Doña Laura se encogió de hombros con indiferencia. Tanto le daba lo que yo hubiera podido pensar.

– Entonces, ¿es mi bisabuela? -Fui capaz de decirlo sin tartamudear.

– Sí. Pero ahora debe olvidarse de ella. Recuerde su compromiso: haría este trabajo para nosotras, no para su familia, y se comprometió a guardar el secreto de cuanto averiguara. Lo mantendrá, ¿verdad?

– Sí, desde luego que sí. Pero ¿por qué han confiado en mí?

– El destino le trajo hasta nosotras, y Amelia, en sus momentos de lucidez, decía que se fiaba de usted, que la encontraría y guardaría el secreto. Ella cree en usted.

– Y no la traicionaré. No le diré a nadie que… bueno, que está viva.

– No tendría sentido. Para su familia sería un shock descubrir que sigue viva, y para ella… bueno, Amelia no resistiría enfrentarse a sus nietas. Ya es demasiado tarde.

– ¿Cuándo regresó?

– En noviembre de 1989. Se presentó sin avisar. Edurne abrió la puerta y pegó un grito desgarrador. Corrimos a ver qué sucedía. Yo también reconocí a Amelia. ¡Figúrate! Tenía veintitantos años la última vez que la habíamos visto y regresaba con más de setenta, pero la reconocimos de inmediato.

– Y… bueno, ¿qué explicación les dio…?

– Ninguna. Tampoco se la pedimos. Bastante doloroso fue contarle que Antonietta había muerto al poco de marcharse ella. O que Jesús, mi hermano, también había fallecido en un accidente de tráfico junto a su mujer. En cuanto a Javier, su abuelo, vivía, pero estaba enfermo.

– ¿Cómo lo sabe?

– Nunca dejamos de saber sobre él, por si algún día Amelia regresaba. Supimos de su boda, de sus éxitos, de sus hijos, aunque no nos acercábamos. Cuando Santiago murió, fui con mi hermana Melita a ver a Javier, pero nos dejó claro que prefería no tener nada que ver con nosotras. Tenía razón, ¿qué podíamos decirnos?

– De manera que ustedes siempre han estado ahí, sabiendo todo de nosotros, pero nosotros nada sabíamos de esta parte de la familia.

– Esa fue la voluntad de su bisabuelo Santiago, y de su abuelo Javier; nunca pudo superar saberse abandonado por su madre. No le culpo por ello. Lo terrible es que Amelia le sobrevivió. Acudimos a su funeral, nadie nos vio porque nos subimos al coro de la iglesia. Amelia lloró con desesperación.

– Y usted, ¿no tiene familia, hijos, nietos?

– Mi hermana Melita murió hace dos años, poco después de quedarse viuda. Sus hijos Isabel y Juanito están casados y viven en Burgos, pero nos visitan con frecuencia. El accidente de mi hermano Jesús y de su mujer fue al año y medio de casarse y de tener un hijo. Me hice cargo de mi sobrino, que fue para mí como un hijo. Desgraciadamente murió de un infarto. Era el padre de mi sobrina Amelia María, la que vive con nosotras.

– De manera que usted renunció a su propia vida…

– No, no renuncié a nada, elegí la vida que quería vivir, la que he vivido y con la que he sido feliz.

– No comprendo cómo no le preguntaron nada, ni cómo ella tampoco les contó dónde había estado todos esos años.

– Sé que es difícil de comprender, pero es así.

– Desde cuándo… bueno, ¿desde cuándo le falla la memoria…?

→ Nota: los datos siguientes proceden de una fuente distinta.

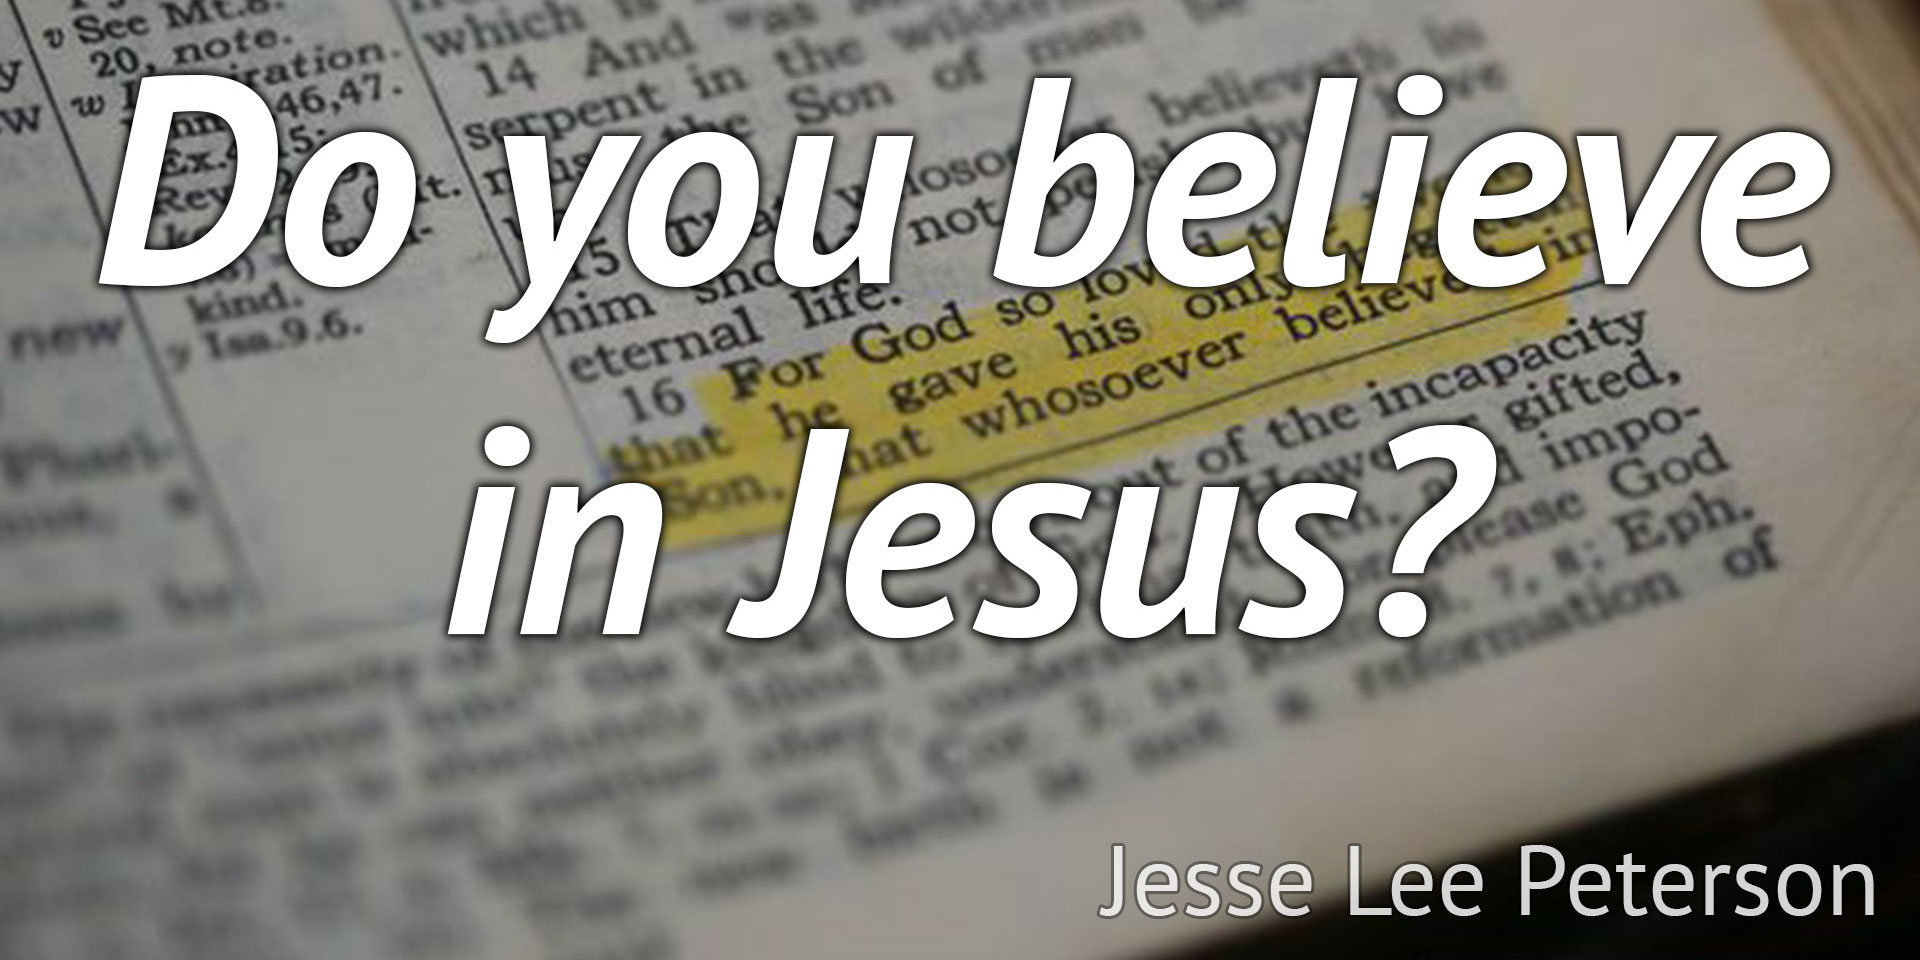 Jesse Lee Peterson Biblical Question: Do You Believe in Jesus?

– ¿Desde cuándo tiene Alzheimer? Comenzó hace poco más de dos años. Un día me dijo que no se acordaba de algunas cosas. Fuimos al médico y aunque no pronunció la palabra «Alzheimer», nos dio a entender que el proceso era irreversible. Entonces Amelia comenzó a angustiarse. Le desesperaba sentir cómo se le iban borrando los recuerdos. Yo no podía ayudarla porque nada sé de lo que fue su vida. Y de repente apareció usted. Fue ella quien tuvo la idea de encargarle a usted que recuperara sus recuerdos. La intenté persuadir de que era una locura, de que al fin y al cabo usted era un extraño, pero siempre ha hecho lo que ha querido… de manera que le encargamos que investigara cuanto pudiera. He de reconocer que me sorprendió cuando me llamó para decirme que había podido investigar hasta 1989.

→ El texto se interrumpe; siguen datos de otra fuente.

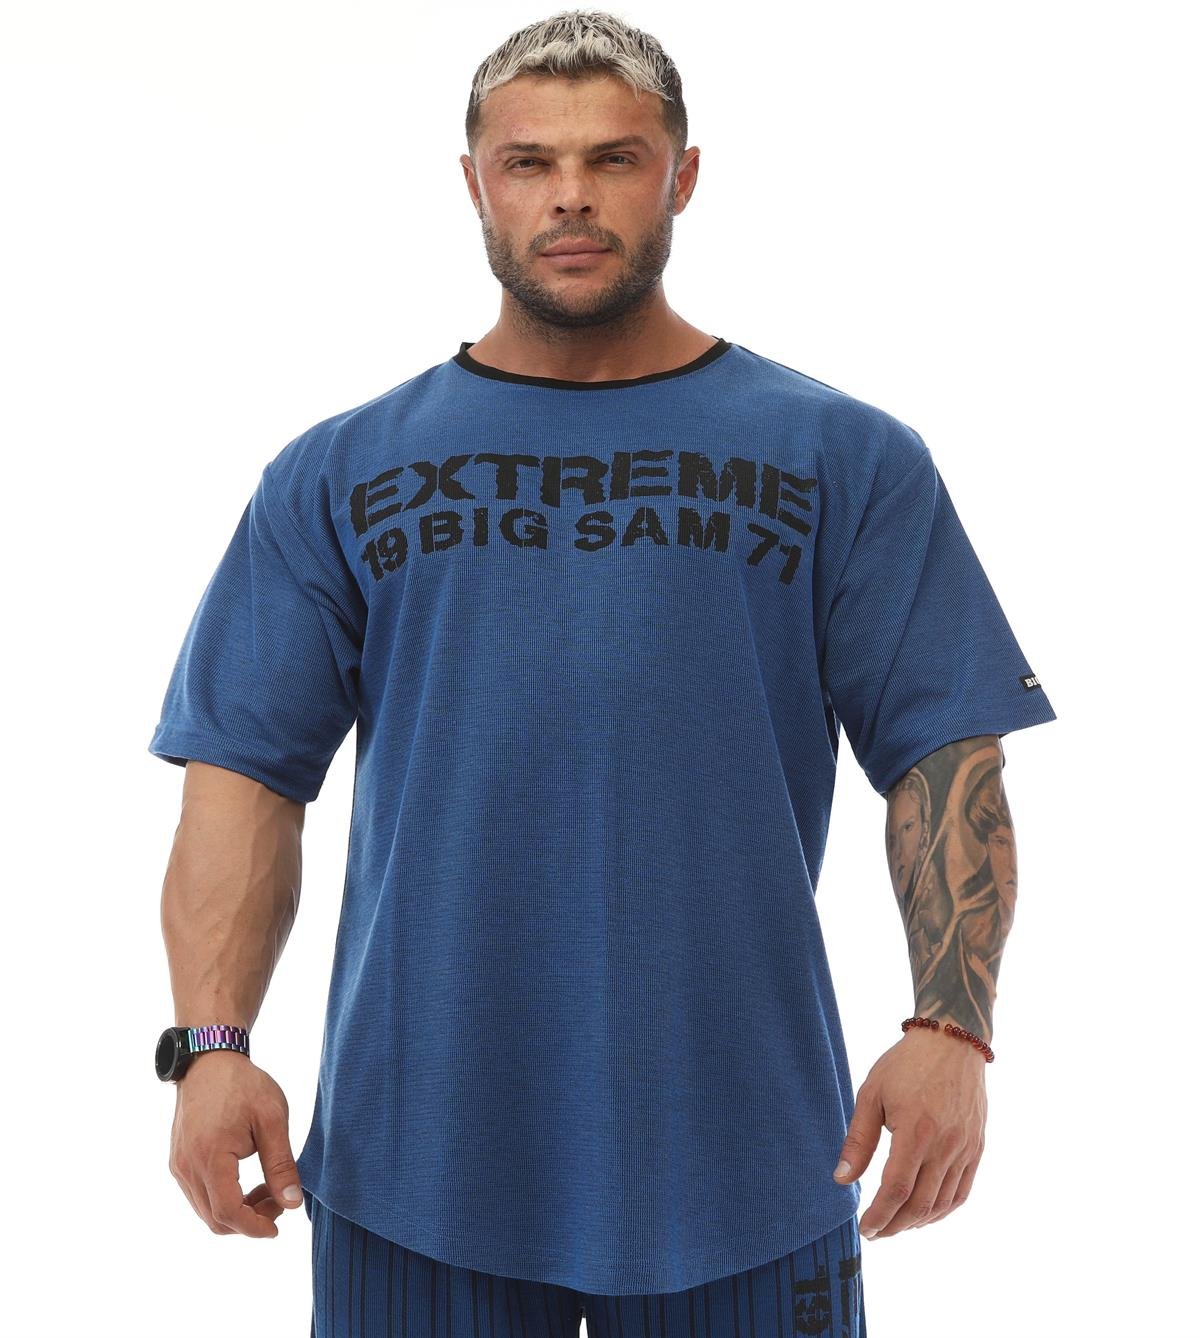 BGSM Blue Top T-shirt 3330 Rag Oversize Gym

– ¿Y por qué no se lo encargaron al profesor Soler…? -pregunté.

– A Pablo… le queremos mucho, es uno más de la familia, pero Amelia se empecinó en que debía ser usted.

– Supongo que no quiere que vuelva por aquí.

– ¿Lo cree necesario? En mi opinión, está todo dicho, y ha hecho algo impagable por su bisabuela. Recuperar su memoria es más de lo que podía esperar. Y usted se la ha devuelto. Creo que hemos llegado al final. Siempre hay que saber cuándo llega ese momento y aceptarlo. ¿No lo cree así?


Y salí de sus vidas para siempre, convirtiéndome en una de las últimas líneas de su historia.